== WORK ITEM ==
Quote, without any change, the line that contains "El rey Felipe" and all lines that follow it to the end of the data below.

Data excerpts
------------------------------------------------------------

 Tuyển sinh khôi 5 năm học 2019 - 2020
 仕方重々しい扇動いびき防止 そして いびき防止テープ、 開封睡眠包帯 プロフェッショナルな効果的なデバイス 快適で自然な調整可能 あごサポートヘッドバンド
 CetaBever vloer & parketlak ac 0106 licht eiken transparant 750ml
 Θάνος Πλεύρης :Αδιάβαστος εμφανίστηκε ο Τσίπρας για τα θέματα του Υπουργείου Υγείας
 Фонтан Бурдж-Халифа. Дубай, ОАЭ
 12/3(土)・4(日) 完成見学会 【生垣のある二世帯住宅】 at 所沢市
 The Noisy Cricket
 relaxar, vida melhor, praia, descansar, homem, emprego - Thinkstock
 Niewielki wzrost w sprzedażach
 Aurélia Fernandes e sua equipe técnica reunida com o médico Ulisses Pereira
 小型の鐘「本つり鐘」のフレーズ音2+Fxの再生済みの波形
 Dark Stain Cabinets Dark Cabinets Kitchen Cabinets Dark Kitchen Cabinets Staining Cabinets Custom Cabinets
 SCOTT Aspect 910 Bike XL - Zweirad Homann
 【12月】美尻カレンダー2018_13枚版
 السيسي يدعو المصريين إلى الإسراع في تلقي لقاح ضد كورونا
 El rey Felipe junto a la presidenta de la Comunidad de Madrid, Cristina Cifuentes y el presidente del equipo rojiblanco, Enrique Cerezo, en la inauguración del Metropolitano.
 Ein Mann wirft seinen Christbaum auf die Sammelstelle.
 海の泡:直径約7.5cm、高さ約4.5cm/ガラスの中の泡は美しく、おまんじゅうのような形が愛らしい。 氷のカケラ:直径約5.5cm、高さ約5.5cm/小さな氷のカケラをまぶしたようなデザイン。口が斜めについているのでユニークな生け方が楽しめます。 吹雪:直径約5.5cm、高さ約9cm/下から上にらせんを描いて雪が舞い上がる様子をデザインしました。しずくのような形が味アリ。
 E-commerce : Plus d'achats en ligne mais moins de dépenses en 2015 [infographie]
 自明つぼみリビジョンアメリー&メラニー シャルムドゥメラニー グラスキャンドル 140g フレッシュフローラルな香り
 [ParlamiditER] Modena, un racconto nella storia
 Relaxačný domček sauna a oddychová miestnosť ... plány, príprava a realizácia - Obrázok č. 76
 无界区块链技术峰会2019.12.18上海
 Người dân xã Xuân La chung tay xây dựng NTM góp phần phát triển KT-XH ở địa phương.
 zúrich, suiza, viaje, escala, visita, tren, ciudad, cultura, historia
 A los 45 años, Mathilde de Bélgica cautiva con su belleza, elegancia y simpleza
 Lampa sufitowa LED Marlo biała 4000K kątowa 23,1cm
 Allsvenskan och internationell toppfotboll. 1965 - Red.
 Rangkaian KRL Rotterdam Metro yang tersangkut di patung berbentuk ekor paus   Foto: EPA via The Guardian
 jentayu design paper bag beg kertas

------------------------------------------------------------

== WRITTEN SOLUTION ==
 El rey Felipe junto a la presidenta de la Comunidad de Madrid, Cristina Cifuentes y el presidente del equipo rojiblanco, Enrique Cerezo, en la inauguración del Metropolitano.
 Ein Mann wirft seinen Christbaum auf die Sammelstelle.
 海の泡:直径約7.5cm、高さ約4.5cm/ガラスの中の泡は美しく、おまんじゅうのような形が愛らしい。 氷のカケラ:直径約5.5cm、高さ約5.5cm/小さな氷のカケラをまぶしたようなデザイン。口が斜めについているのでユニークな生け方が楽しめます。 吹雪:直径約5.5cm、高さ約9cm/下から上にらせんを描いて雪が舞い上がる様子をデザインしました。しずくのような形が味アリ。
 E-commerce : Plus d'achats en ligne mais moins de dépenses en 2015 [infographie]
 自明つぼみリビジョンアメリー&メラニー シャルムドゥメラニー グラスキャンドル 140g フレッシュフローラルな香り
 [ParlamiditER] Modena, un racconto nella storia
 Relaxačný domček sauna a oddychová miestnosť ... plány, príprava a realizácia - Obrázok č. 76
 无界区块链技术峰会2019.12.18上海
 Người dân xã Xuân La chung tay xây dựng NTM góp phần phát triển KT-XH ở địa phương.
 zúrich, suiza, viaje, escala, visita, tren, ciudad, cultura, historia
 A los 45 años, Mathilde de Bélgica cautiva con su belleza, elegancia y simpleza
 Lampa sufitowa LED Marlo biała 4000K kątowa 23,1cm
 Allsvenskan och internationell toppfotboll. 1965 - Red.
 Rangkaian KRL Rotterdam Metro yang tersangkut di patung berbentuk ekor paus   Foto: EPA via The Guardian
 jentayu design paper bag beg kertas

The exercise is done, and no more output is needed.